Purpose in Silence by Tyrone Brown,Lyndon Brown Pdf
Purpose in Silence is a collection of poetry and devotional writings of two young men who are nonverbal, yet have a voice through their writings. Motor impairment and clubfeet have caused much frustration and pain in their young lives, but through these experiences, the Lord has given them a deep understanding of his purpose for them and an ability to encourage others passing through trials. Faith in the Lord Jesus Christ is where their strength is found, and it is the basis for much of their poetry. It is their heartfelt desire that their writings will bring honor to their Savior and a blessing to all those who read their words.
Carlos recollects more of the teachings of Don Juan, including the true importance and meaning of sorcery and magic, and the illusory nature of all realities.

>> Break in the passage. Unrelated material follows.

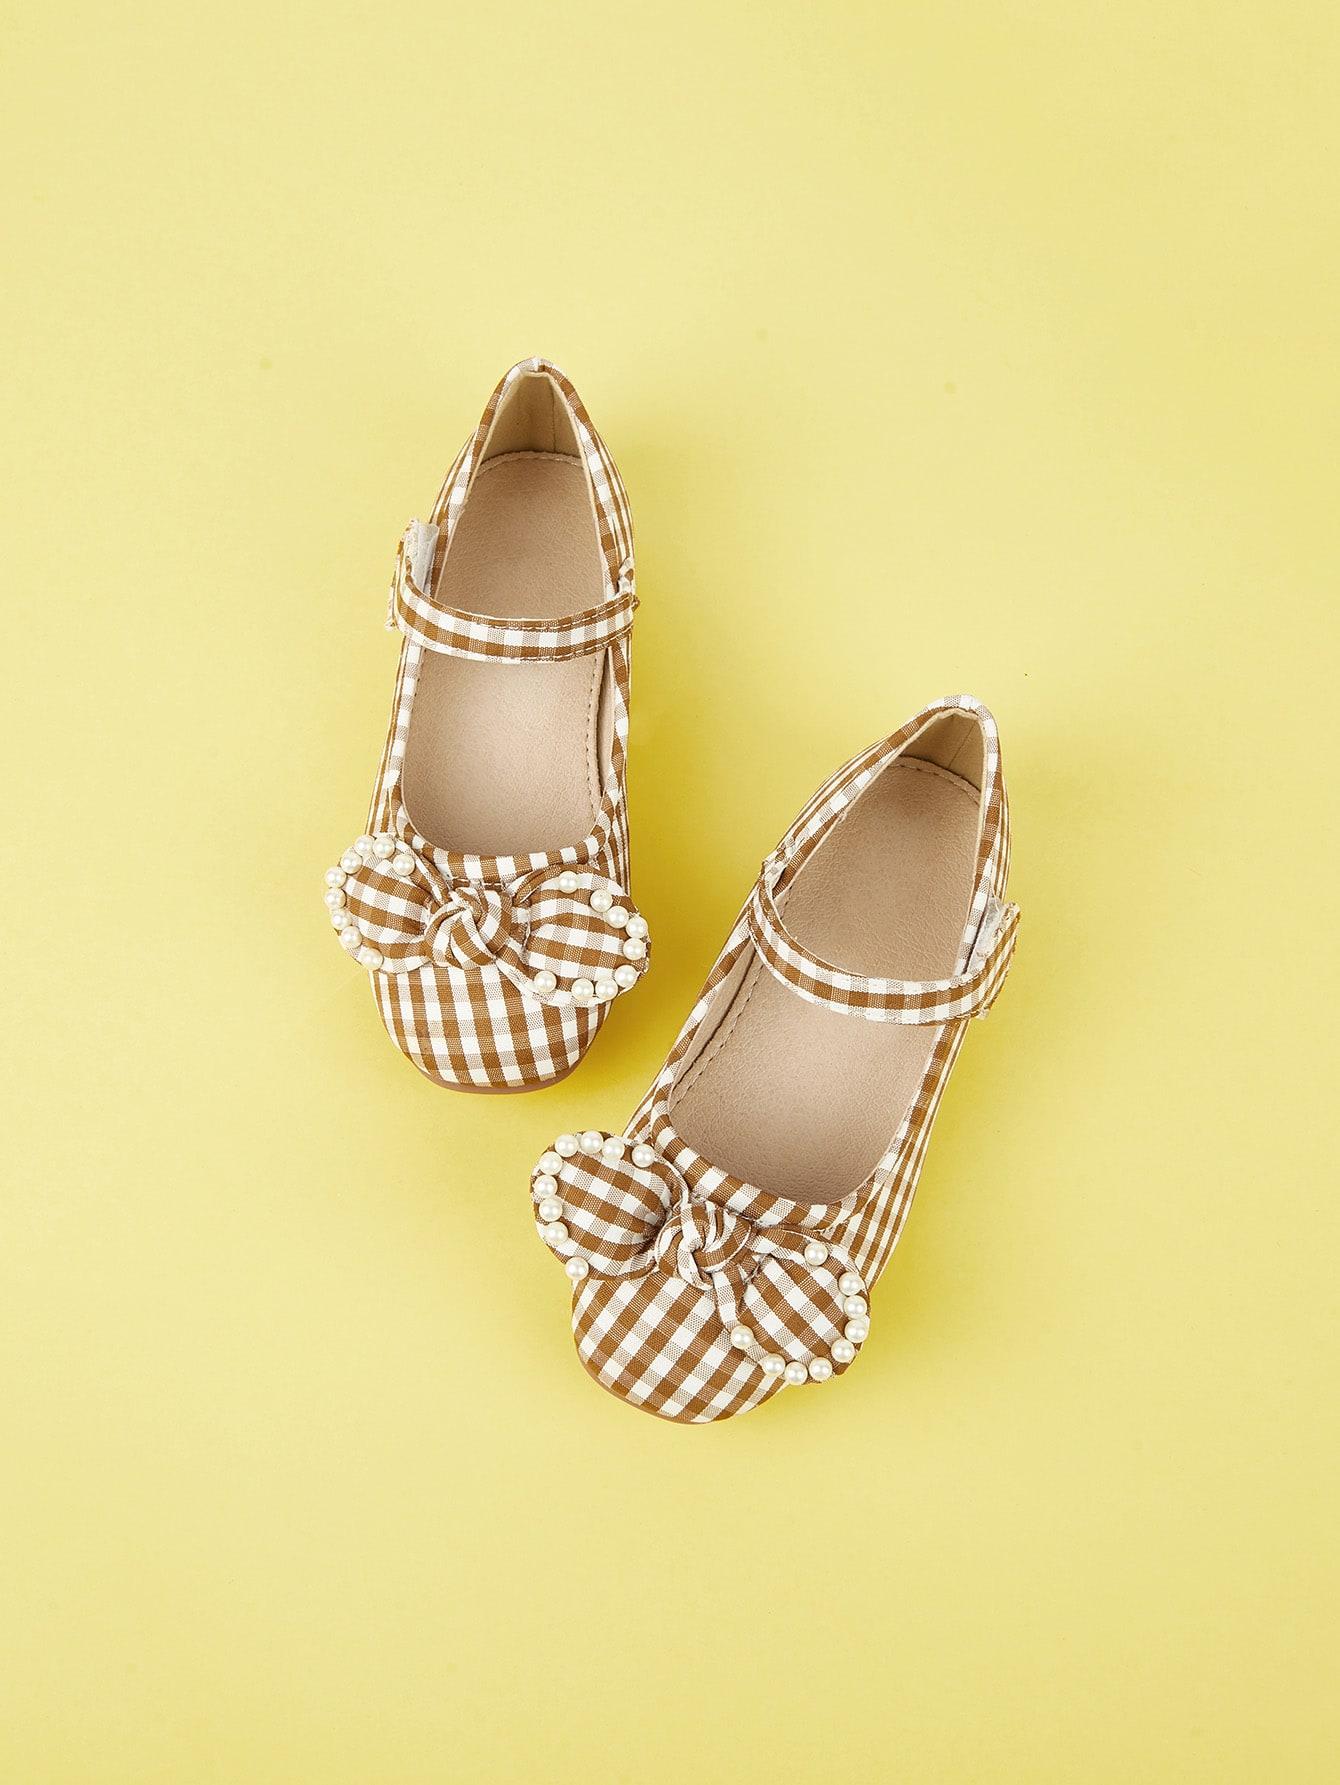 Купить Туфли на плоской подошве в клетку с бантом для маленьких девочек, null, SheIn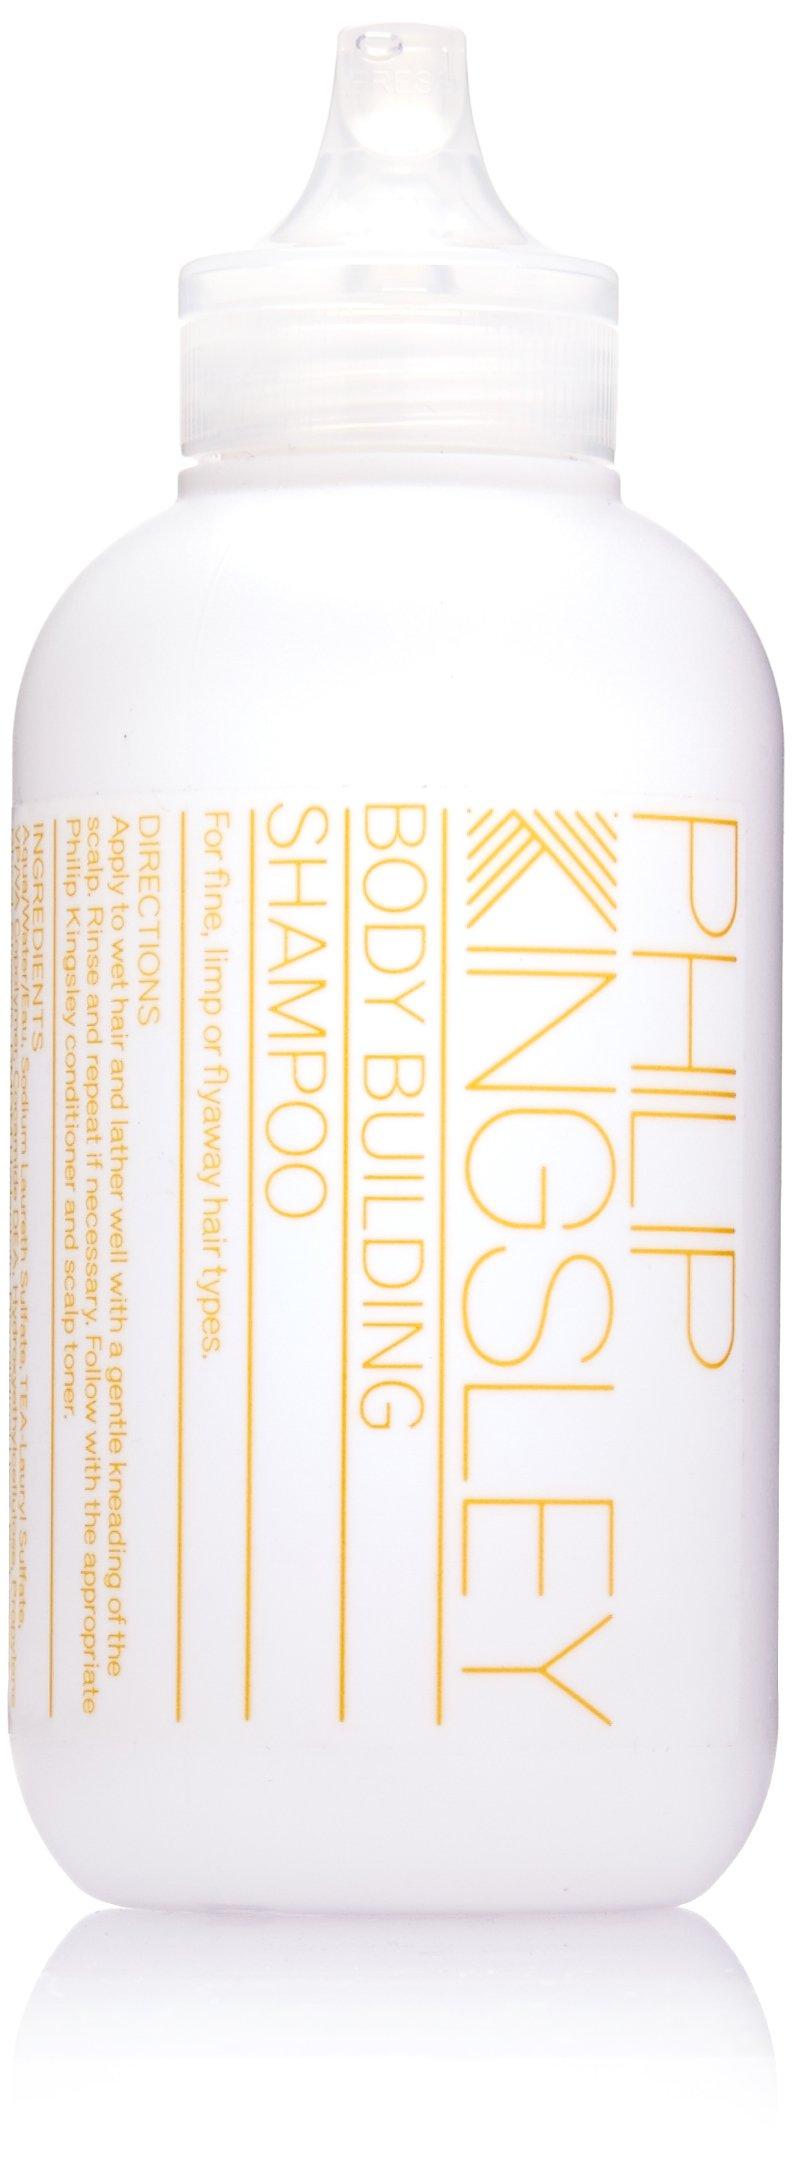 Phillip Kingsley Body Building Shampoo, 8.45 Ounce

Brain On Fire: My Month of Madness by Susannah Cahalan Pdf
'My first serious blackout marked the line between sanity and insanity. Though I would have moments of lucidity over the coming days and weeks, I would never again be the same person ...' Susannah Cahalan was a happy, clever, healthy twenty-four-year old. Then one day she woke up in hospital, with no memory of what had happened or how she had got there. Within weeks, she would be transformed into someone unrecognizable, descending into a state of acute psychosis, undergoing rages and convulsions, hallucinating that her father had murdered his wife; that she could control time with her mind. Everything she had taken for granted about her life, and who she was, was wiped out. Brain on Fire is Susannah's story of her terrifying descent into madness and the desperate hunt for a diagnosis, as, after dozens of tests and scans, baffled doctors concluded she should be confined in a psychiatric ward. It is also the story of how one brilliant man, Syria-born Dr Najar, finally proved - using a simple pen and paper - that Susannah's psychotic behaviour was caused by a rare autoimmune disease attacking her brain. His diagnosis of this little-known condition, thought to have been the real cause of devil-possessions through history, saved her life, and possibly the lives of many others. Cahalan takes readers inside this newly-discovered disease through the progress of her own harrowing journey, piecing it together using memories, journals, hospital videos and records. Written with passionate honesty and intelligence, Brain on Fire is a searingly personal yet universal book, which asks what happens when your identity is suddenly destroyed, and how you get it back. 'With eagle-eye precision and brutal honesty, Susannah Cahalan turns her journalistic gaze on herself as she bravely looks back on one of the most harrowing and unimaginable experiences one could ever face: the loss of mind, body and self. Brain on Fire is a mesmerizing story' -Mira Bartók, New York Times bestselling author of The Memory Palace Susannah Cahalan is a reporter on the New York Post, and the recipient of the 2010 Silurian Award of Excellence in Journalism for Feature Writing. Her writing has also appeared in the New York Times, and is frequently picked up by the Daily Mail, Gawker, Gothamist, AOL and Yahoo among other news aggregrator sites.